Memorial Hall | 1225 Elm St., Cincinnati, OH 45202; 513-977-8838

Saturday, May 11, 2 p.m.: “Five Little Monkeys”

This family-friendly play recounts a zany day in the life of the silly simians of Eileen Christelow’s “Five Little Monkeys” books. It’s billed as fun for ages 3 and up.

Last chance:

• “Mercury”: It’s a comedy … about revenge. In the second of his “planetary” plays, Steve Yockey takes on the heat of Mercury and the odd things that happen when the mercury rises. Through Saturday, May 11, at Know Theatre (1120 Jackson St., Cincinnati, OH 45202; 513-300-5669).

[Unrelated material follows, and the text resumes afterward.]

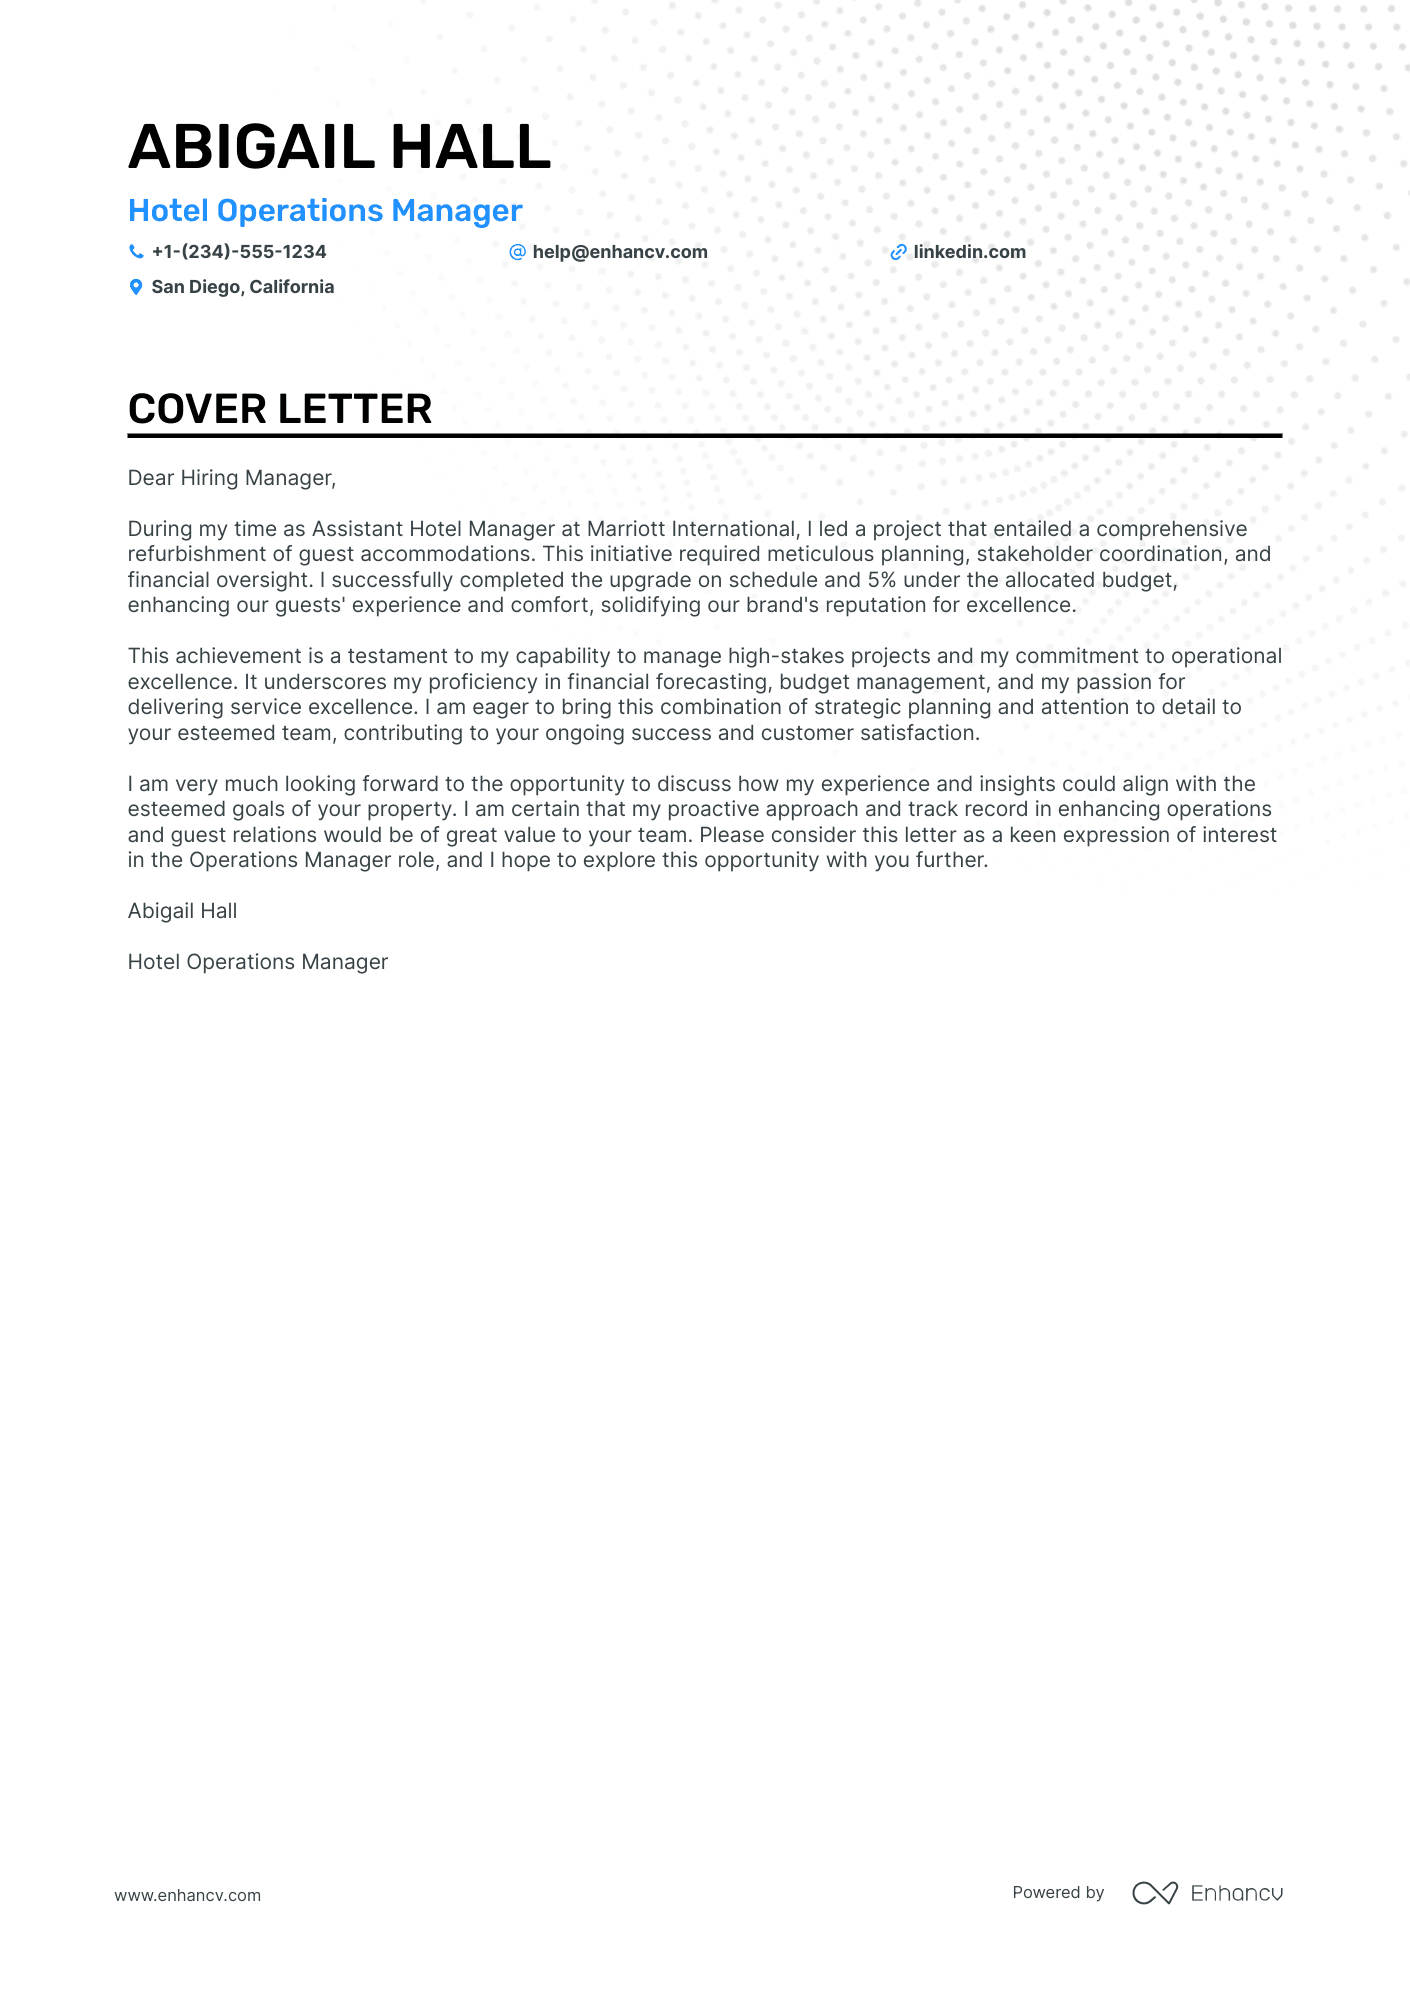 Hotel Operations Manager cover letter

• “Skeleton Crew”: In Detroit in 2008, a tight-knit group of autoworkers faces tough decisions about the future in this regional premiere by Dominique Morisseau. Through Saturday, May 11, at Ensemble Theatre Cincinnati (1127 Vine St., Cincinnati, OH 45202; 513-421-3555).

 


 

Cincinnati Art Museum Paris 1900
‘Paris 1900’ at the Cincinnati Art Museum:
Victor Prouvé (1858–1943), “Joyful and Peaceful Rest: Meditation,” 1899, oil on canvas; Petit Palais, Paris, © Stéphane Piera/Petit Palais/Roger-Viollet

VISUAL ART

Greenwich House Gallery | 2124 Madison Road, Cincinnati, OH 45208; 513-871-8787

Opens Friday, May 10, 5-8 p.m.: “Elements”

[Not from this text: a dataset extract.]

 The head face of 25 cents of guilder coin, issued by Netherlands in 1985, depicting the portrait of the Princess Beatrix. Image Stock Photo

Six female artists bring their latest work in their element – hence the title – of choice. Two are from Cincinnati – Shelby Hine and Donna Talerico. Those elements include acrylic, glass, paper and steel. Through June 8.

Last chance:

• “Paris 1900”: Sadly, the Belle Époque is about to end again. Exhibition features more than 200 works from the turn of the 20th century by the likes of Claudel, Pisarro, Renoir, Rodin and Toulouse-Lautrec. Through Sunday, May 12, at the Cincinnati Art Museum (953 Eden Park Drive, Cincinnati, OH 45202; 513-721-2787).

• “Tearassin’ Like a Slug Outta Heaven”: Thought-provoking works by Manal Kara, a self-taught, Moroccan-American artist. Through Saturday, May 11, at BasketShop (3105 Harrison Ave | Cincinnati, OH 45211; 469-774-5656).